(Task requirements): The line that contains "Smiling woman sitting" marks the start. Please set it down, with every later line of the data, exactly and without pictures.

(Information provided):
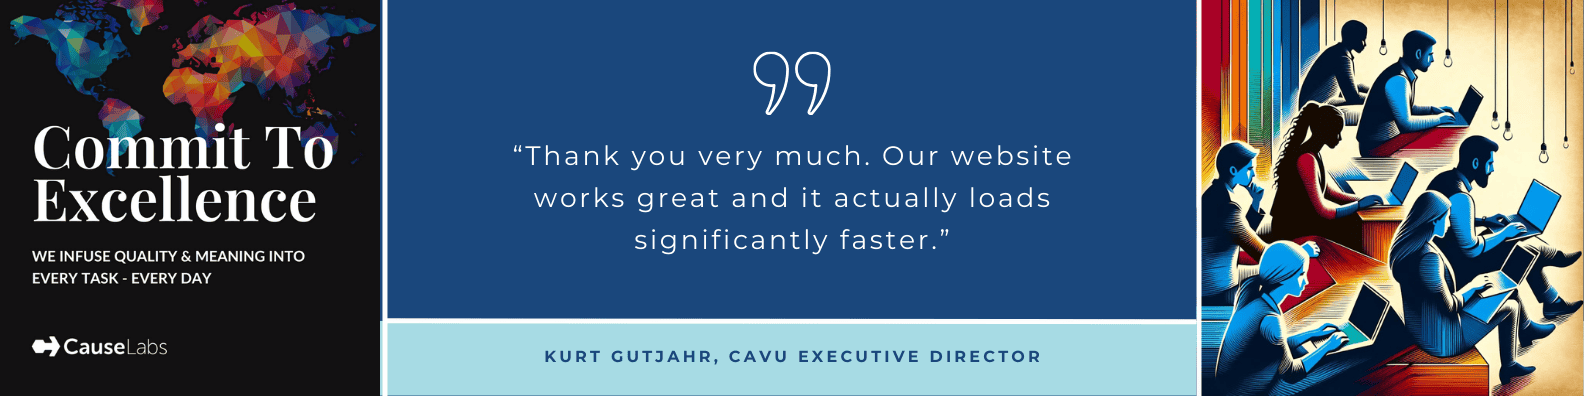 "Thank you very much. Our website works great and actually loads significantly faster." – Kurt Gutjahr, Executive Director, CAVU
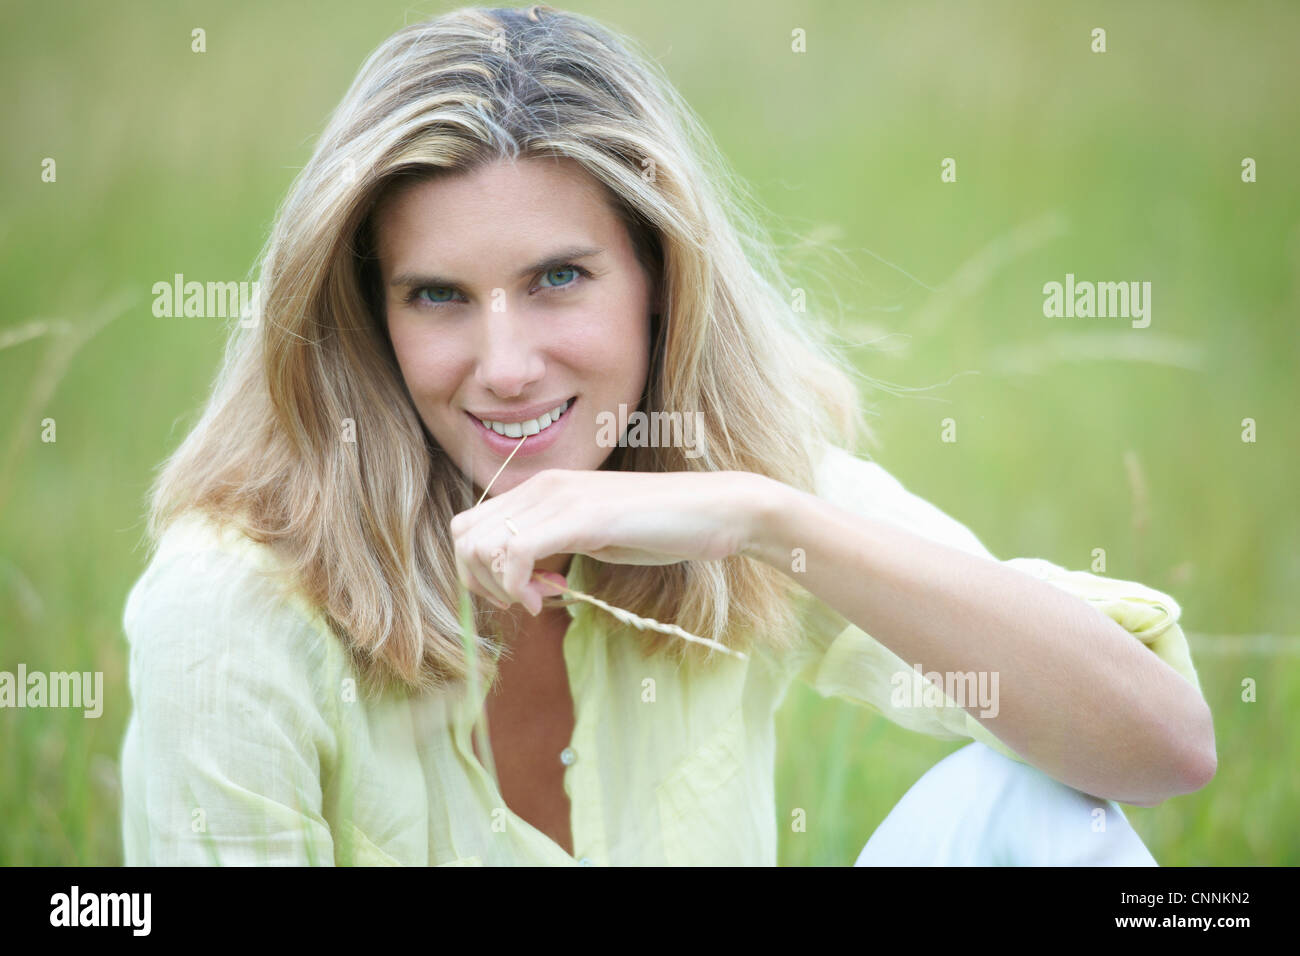 Smiling woman sitting in wheat field Banque D'Images
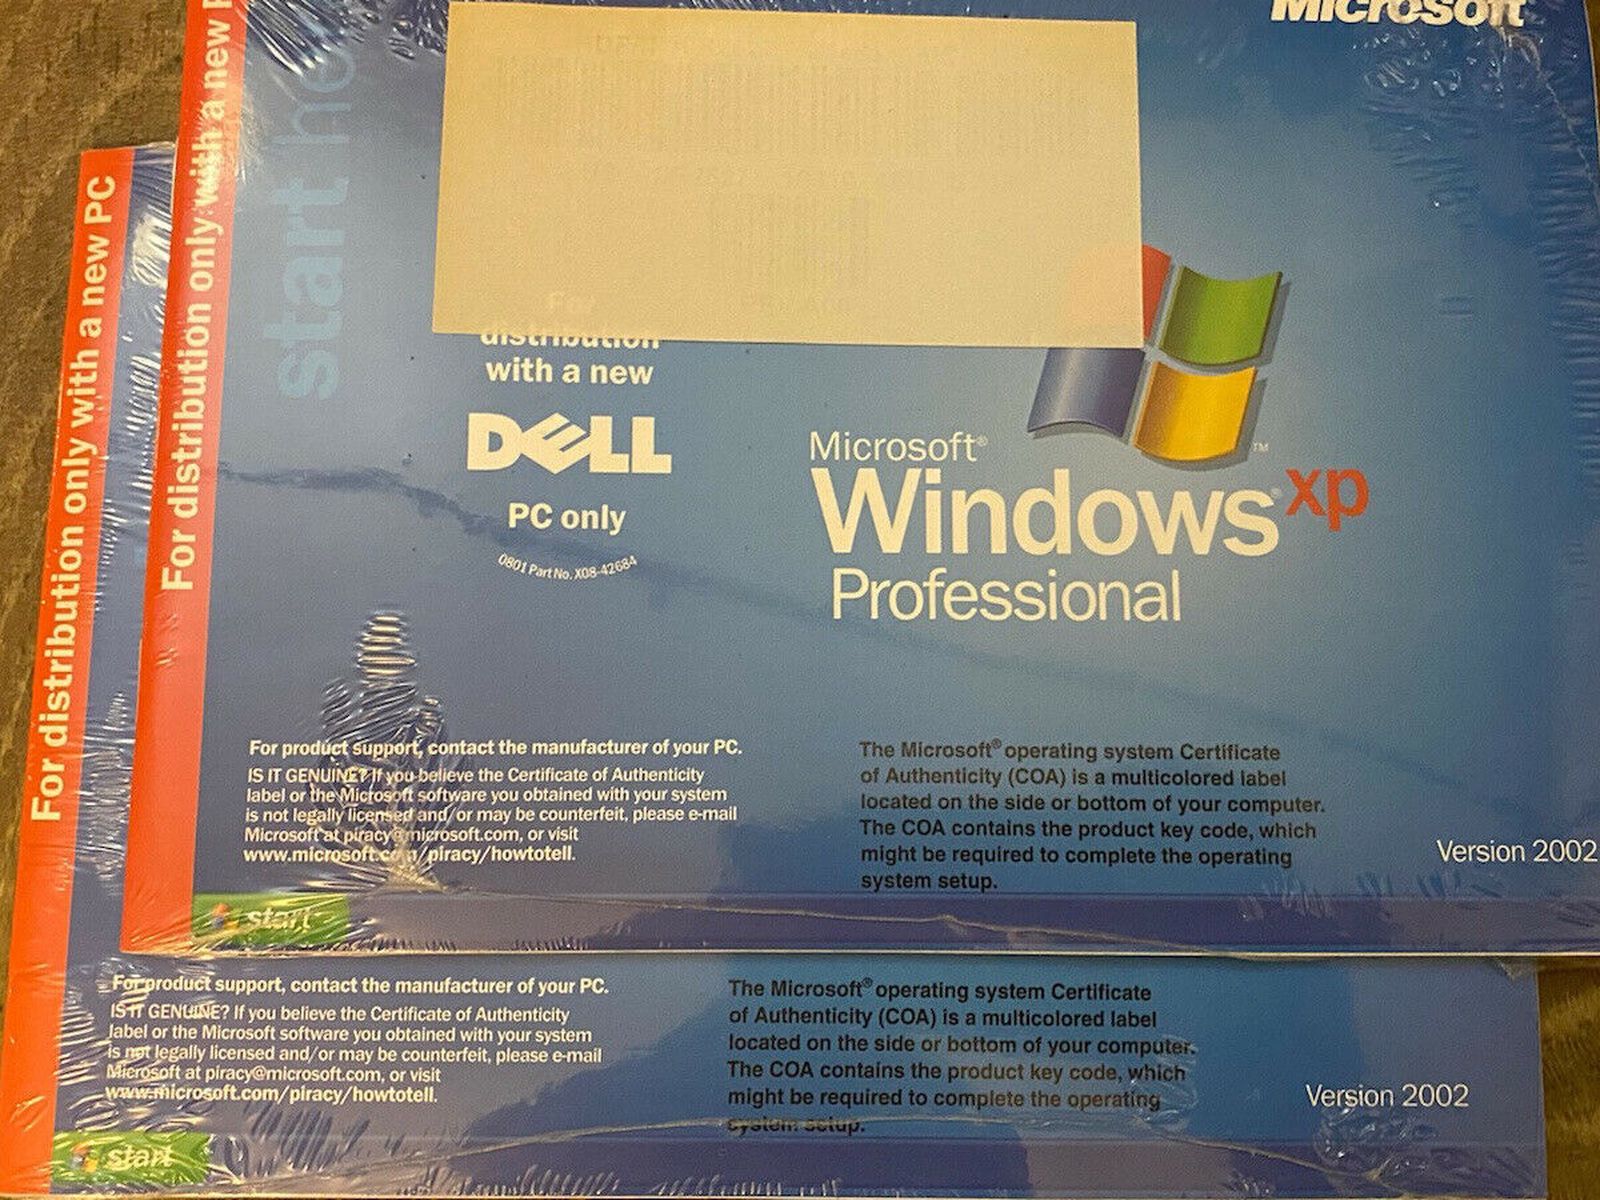 Windows XP reinstalling CD for DELL only
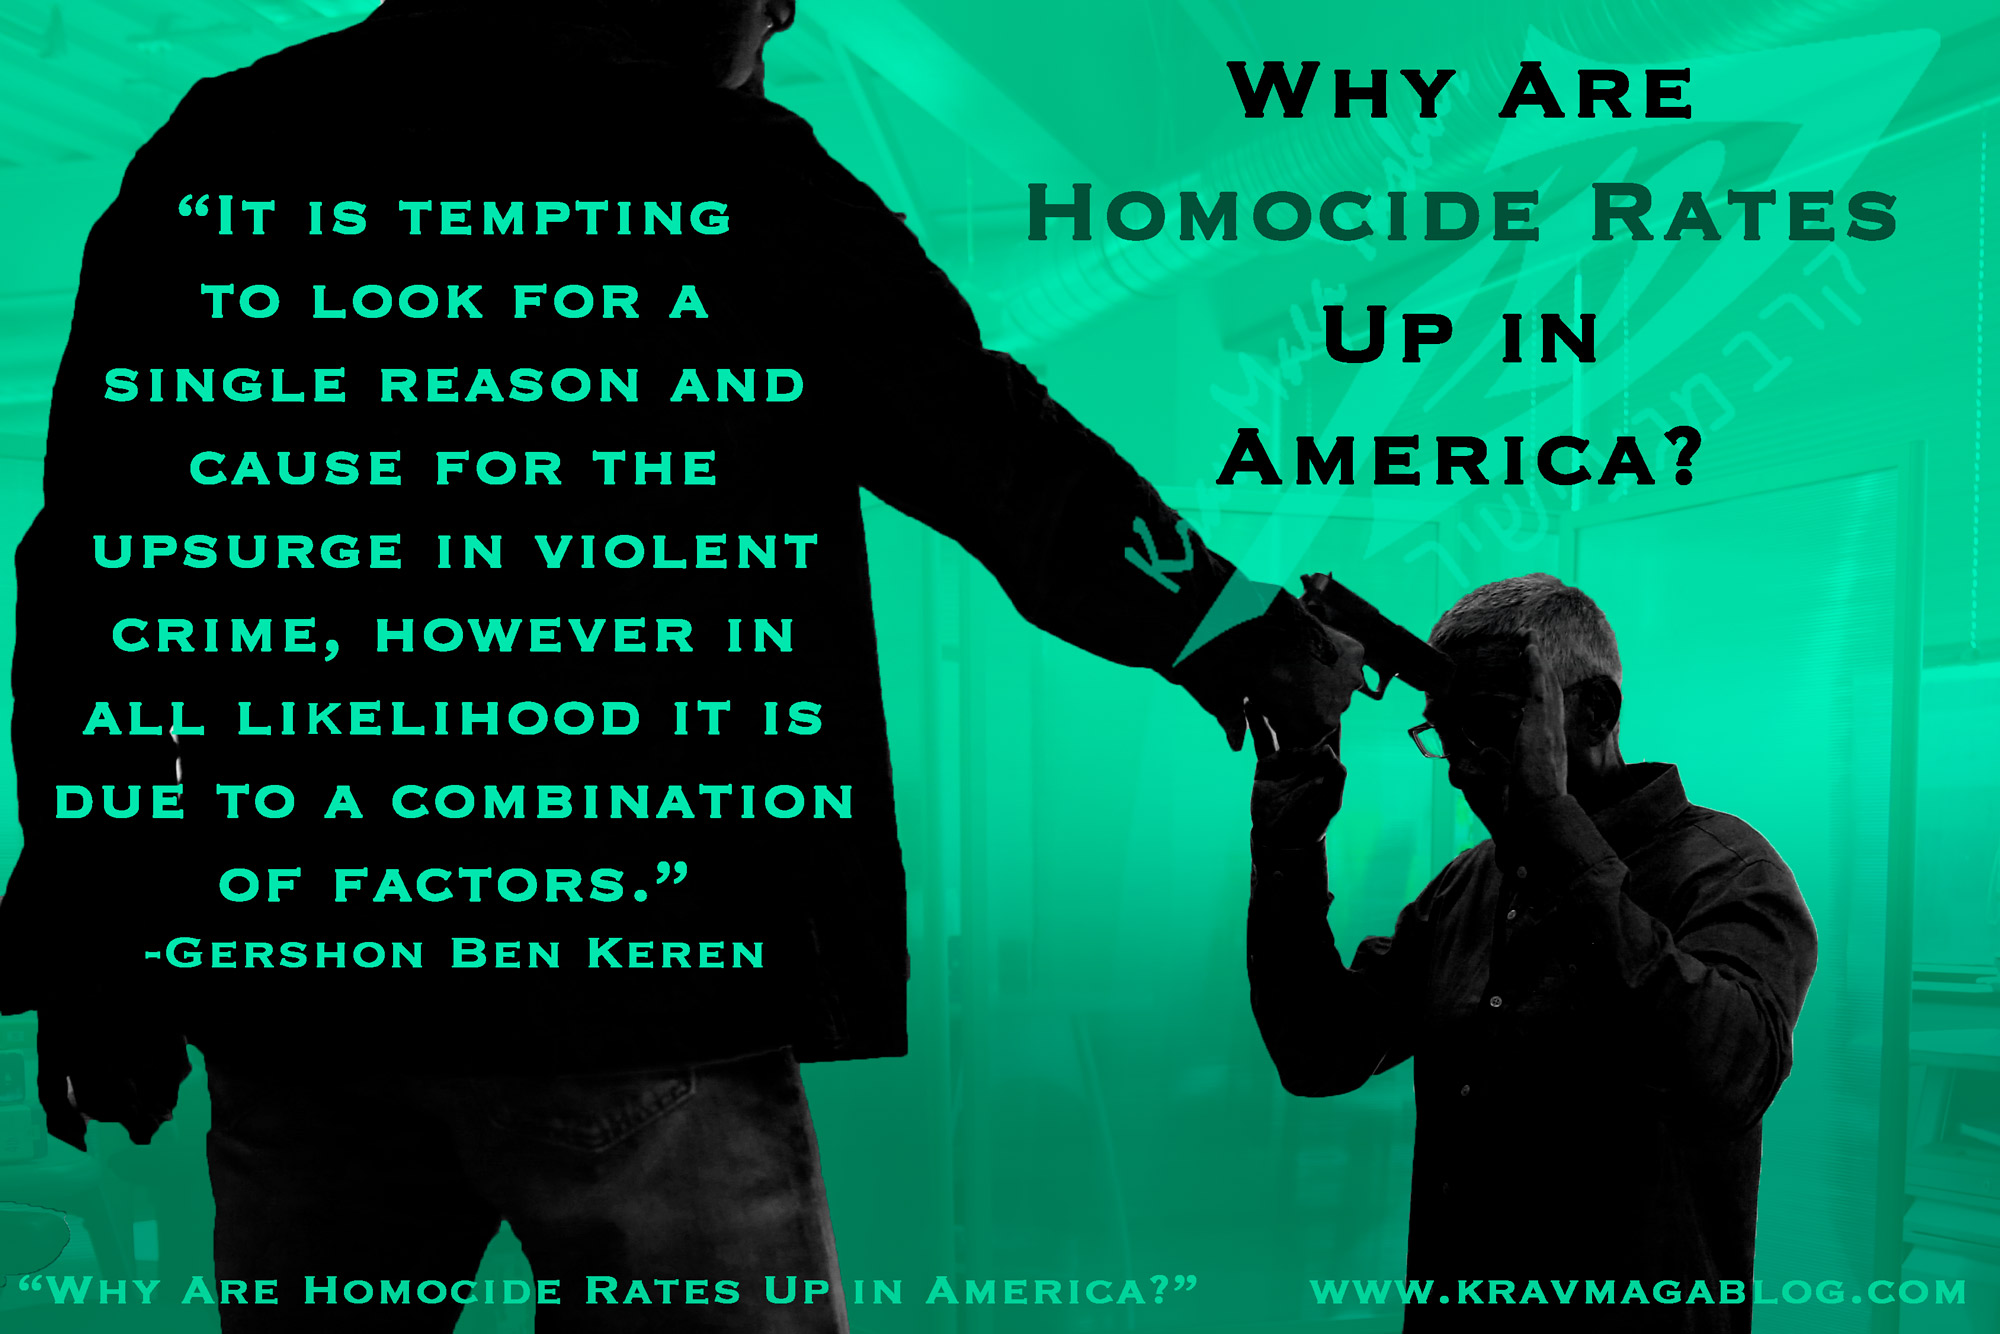 Why Are Homicide Rates Up In America?

(Response to this exercise):
 Smiling woman sitting in wheat field Banque D'Images
 Windows XP reinstalling CD for DELL only
 Why Are Homicide Rates Up In America?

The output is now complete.